In the past, I've criticized IDC (perhaps the largest of all analyst firms) because I felt its quantitative orientation often overemphasizes existing markets and vendors and, because the survey samples used are too legacy-focused, tends to miss new, innovative offerings. For example, I feel IDC missed the rise of Linux because many of its original use cases escaped notice of traditional infrastructure and operations groups.

However, a recent IDC report, IDC Predictions 2014: Battles for Dominance - and Survival - on the 3rd Platform, puts to rest these kinds of reservations. While understated, its analysis and predictions provide as much drama as any novel, and its denouement is the kind of cliffhanger that makes it, as the saying goes, unputdownable.

Simply stated: You must read this report and think about what it means for your company's future. This is true whether you're an IT user a vendor or, for that matter, a company that thinks of itself as in another business altogether.

IT Is All About Cloud, Mobile, Social and Big Data

The theme of the report is that what IDC calls the third platform will disrupt information technology profoundly.

What, you might ask, is the third platform It's the next-generation IT software foundation:

From IDC's perspective, what we call IT is rapidly shifting to the third platform. This succeeds the first two platforms - mainframe and client/server/Internet technology, respectively. Its capabilities will transform who provides IT solutions, who applies them and how they're used.

The report identifies 10 trends for 2014; all, from my perspective, ring true.

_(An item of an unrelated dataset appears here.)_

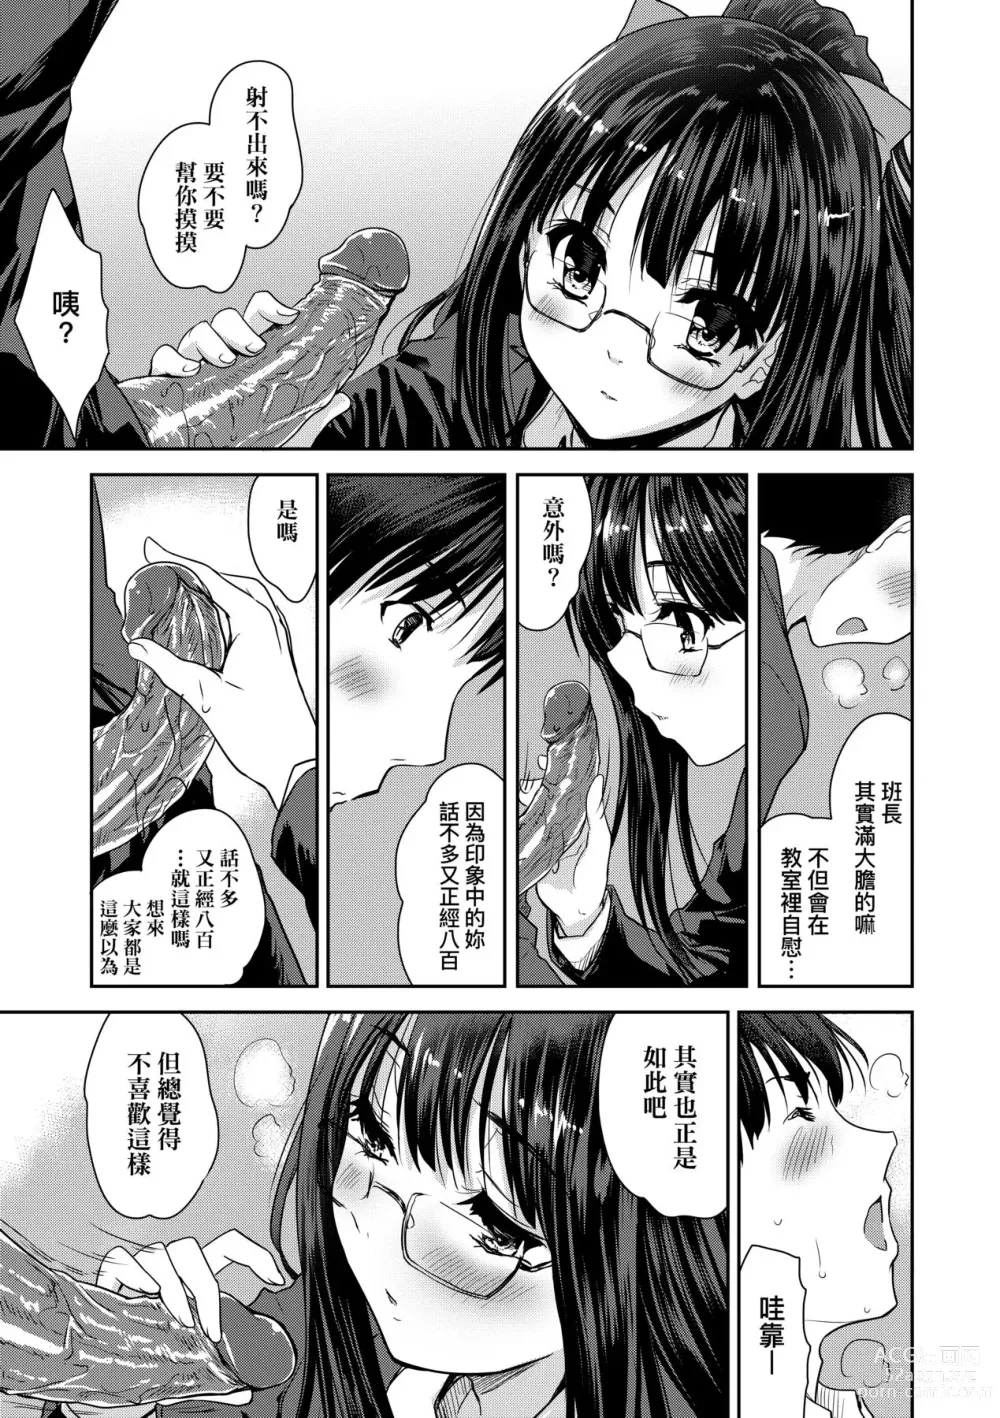 Page 186 of manga 把玩妳綿軟歐派並含入口中品嘗 (decensored)
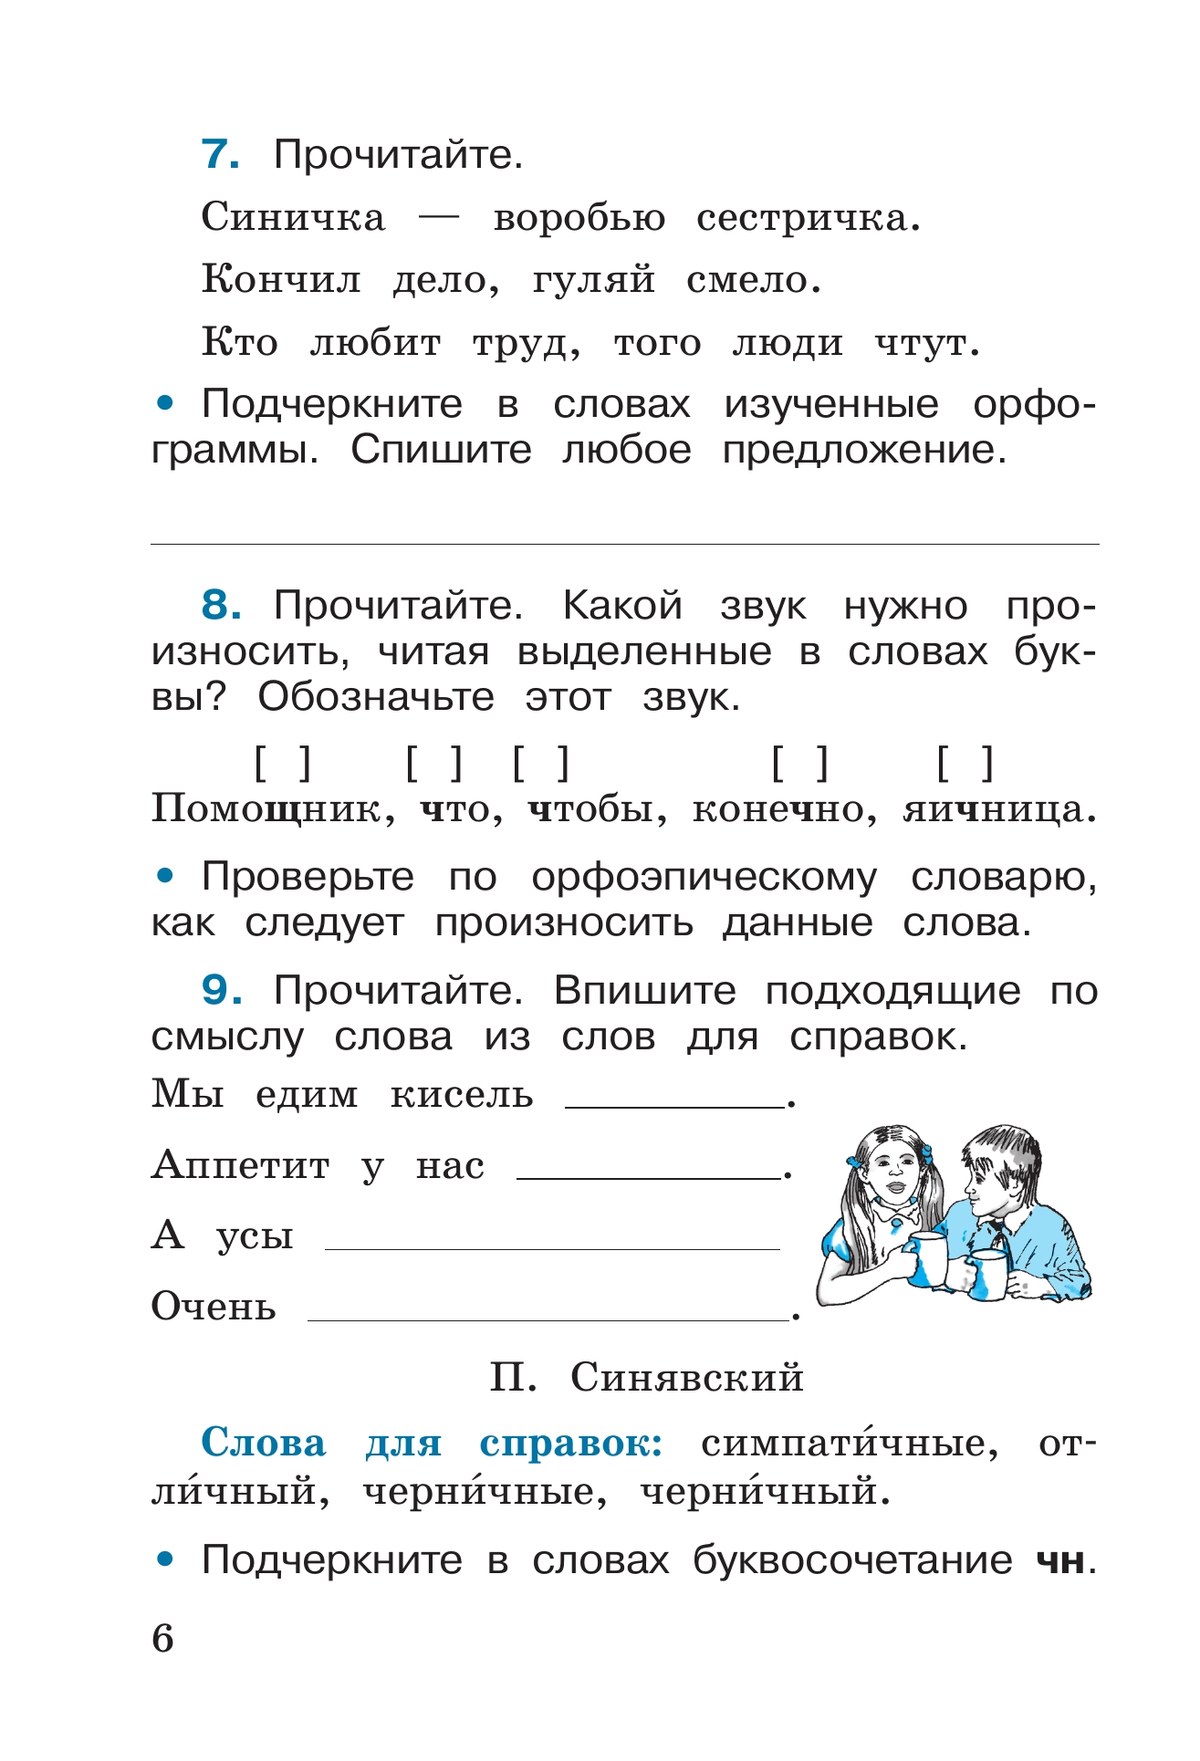 Русский язык. Рабочая тетрадь. 2 класс. В 2-х ч. Ч. 2 2

I want to discuss several in some detail, since they represent such a disruptive impact on business-as-usual as it has been practiced over the lifetime of what we call the Information Age.

Put another way, the trends represent the true emergence of the information age - what went before was really just nascent information technology tacked onto a relatively undisturbed Industrial Age.

All IT Growth Will Come From Third Platform

According to IDC, the 5 percent IT growth it sees for 2014 is comprised of two elements: Stagnant legacy infrastructure growth (0.7 percent) and a high third-platform infrastructure growth (15 percent). Just to bring the point home, IDC asserts that a full 29 percent of 2014 IT spending and 89 percent of all IT growth spending will be in the third platform; of the latter, a full 50 percent represents cannibalization of traditional markets.

[ More: Global IT Spending Predictions from Forrester and Gartner ][ Commentary: 3 Ways Enterprise IT Will Change in 2014 ]

This means that legacy IT is going forward largely unchanged and will experience little additional investment. IT investment is skewed toward third-platform initiatives, even to the extent that some of the investment toward third platform is being funded by ripping out existing legacy environments - presumably by on-premises legacy systems being replaced by software as a service.

If you're a legacy vendor, your financial prospects are bleak. Look at this week's announcement from Oracle that its quarterly results fell short. (At least this time the company blamed currency issues and not, as it did a couple of quarters ago, on an incompetent sales staff.)

If you're an IT user, your strategic issue is how quickly you can reorient your spend. I've spoken recently about how legacy systems are the biggest issue enterprise IT faces, since they're such a budget sinkhole. If 80 percent of your IT budget is spoken for before the year starts, how can you aggressively pursue third platform initiatives

This also implies that third-platform providers (more on this below) will be on fire as enterprise IT wakes to its critical need to identify, select, learn and implement new platforms. Finally, it means that IT organizations must reskill rapidly - and those IT employees who fail to embrace the new way must be weeded out. Look for lots of employee churn in legacy vendors and users as they adjust to this new infrastructure reality.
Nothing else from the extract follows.